数据哨兵 — Sensitive Data Scanning & Classification Tool

License: MIT Platform: Windows Go 1.21+

A lightweight Windows tool for scanning and classifying sensitive data in files. Single executable, zero installation. Automatically detects personal information, credentials, and secrets, with a built-in web UI and report export.

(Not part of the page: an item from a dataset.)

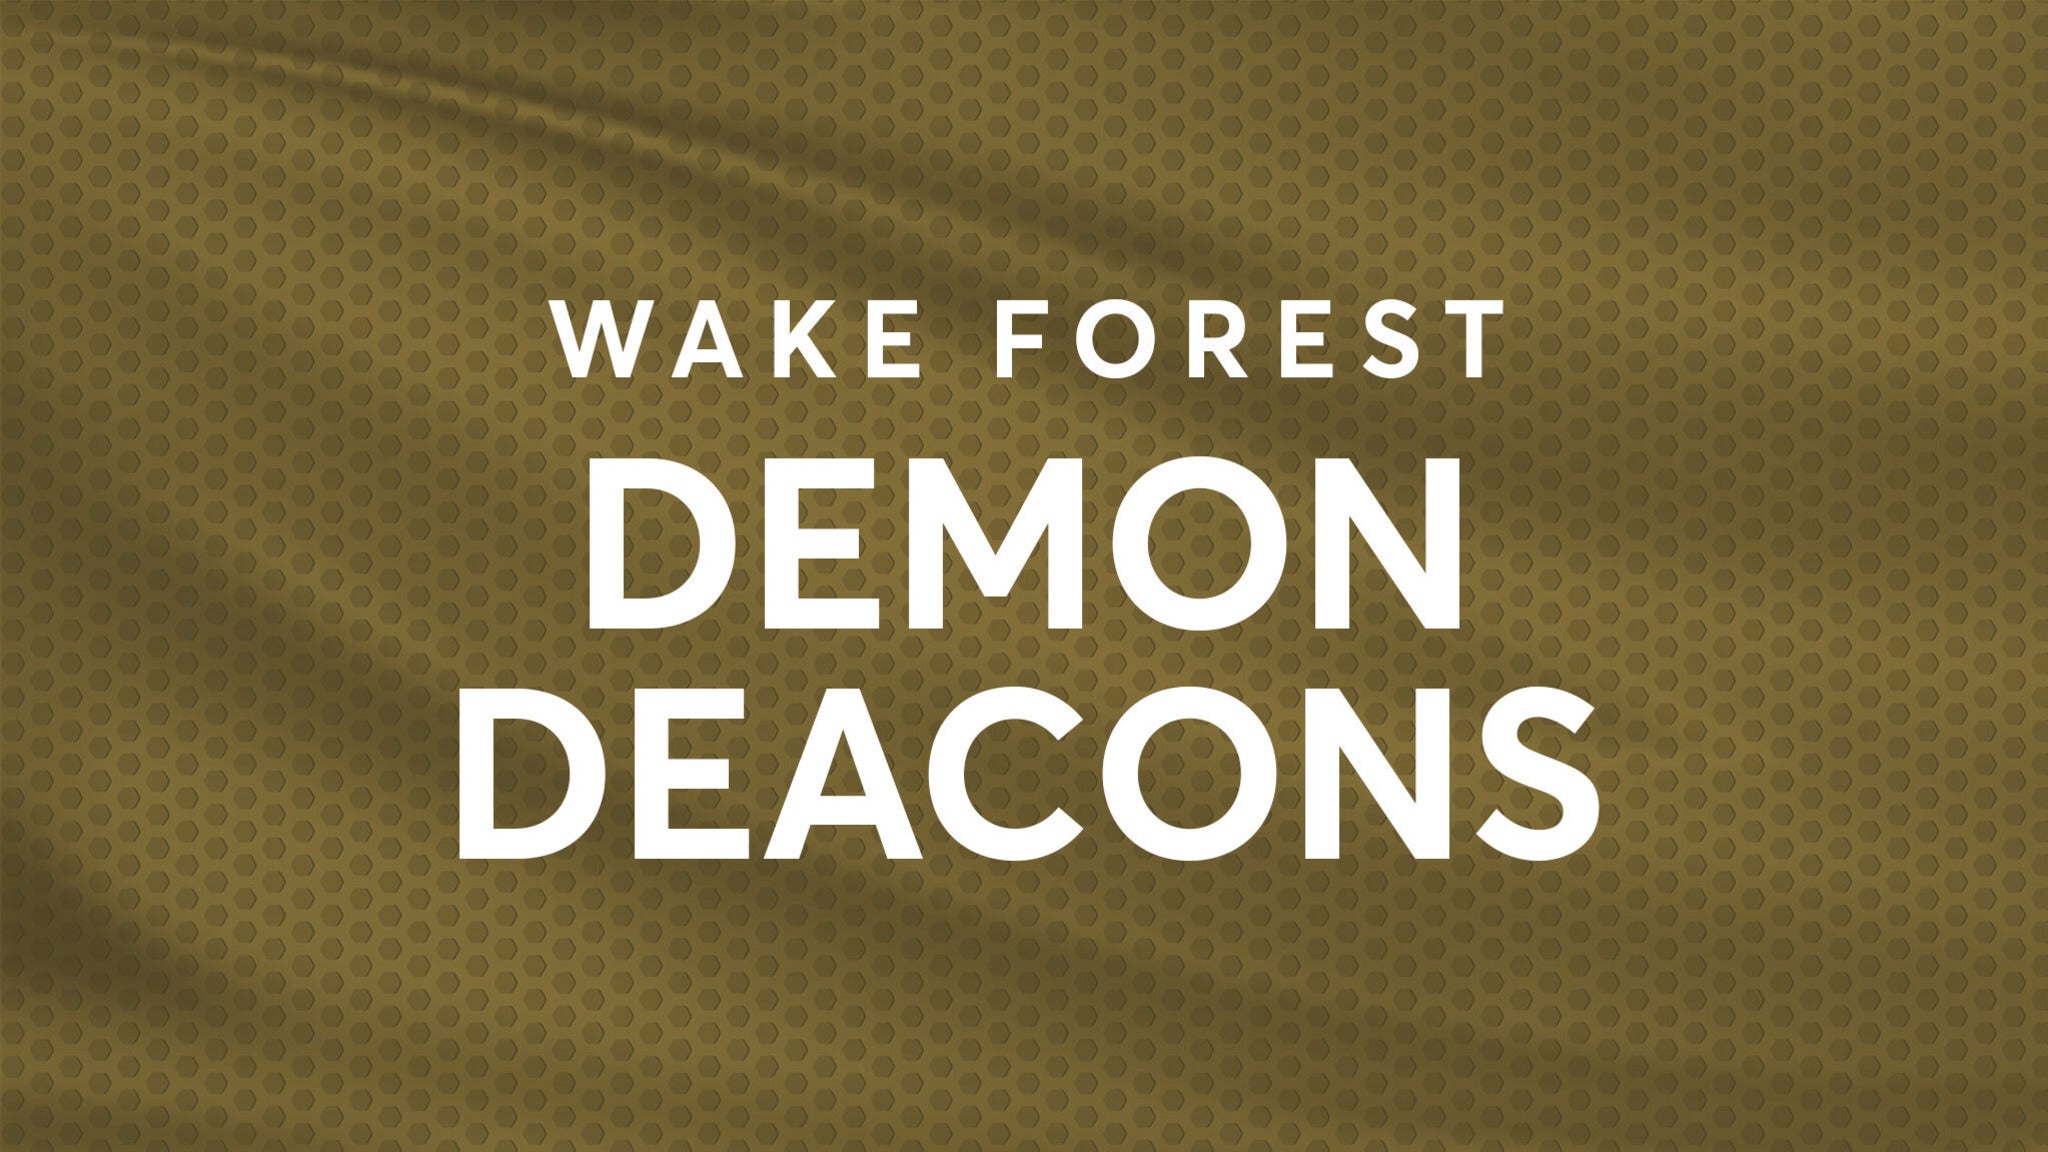 Wake Forest Demon Deacons Baseball presale information on freepresalepasswords.com

轻量级 Windows 敏感数据扫描与分类分级工具。单文件运行,无需安装,自动识别文件中的个人信息、密钥凭证等敏感数据,提供可视化界面与报告导出。


✨ Features / 功能特性

10 Built-in Detection Rules / 10 种内置检测规则 ID cards, phone numbers, bank cards, emails, IPs, USCC, AWS keys, GitHub tokens, private keys, high-entropy secrets
5-Level Classification / 5 级分类标准 L1 Public → L2 Internal → L3 Confidential → L4 Secret → L5 Restricted
19 File Formats / 19 种文件格式 Plain text (.txt/.csv/.log/.json/.xml/.md/.env/.yaml/.yml/.ini/.conf/.toml/.bat/.ps1/.sh/.sql) + Office (.docx/.xlsx/.pptx)
Multi-core Parallel Scanning / 多核并行扫描 Auto-utilizes multi-core CPU with real-time progress updates
False Positive Correction / 误报修正 Single or batch correction of classification results; exports include both original and corrected results
Visual Statistics / 可视化统计 Donut chart for level distribution, bar chart for category breakdown, summary cards
Report Export / 报告导出 JSON (for programmatic use) / CSV (with UTF-8 BOM for Excel)
Fully Local / 纯本地运行 All scanning and analysis runs locally — no internet, no data upload
Single Executable / 单文件交付 Compiles to ~7 MB .exe, double-click to run, auto-opens browser UI

🚀 Quick Start / 快速开始

Download / 下载使用

  1. Download the latest datasentinel.exe from Releases
  2. Double-click to run — the browser opens automatically

Releases 下载最新的 datasentinel.exe,双击运行,浏览器自动打开操作界面。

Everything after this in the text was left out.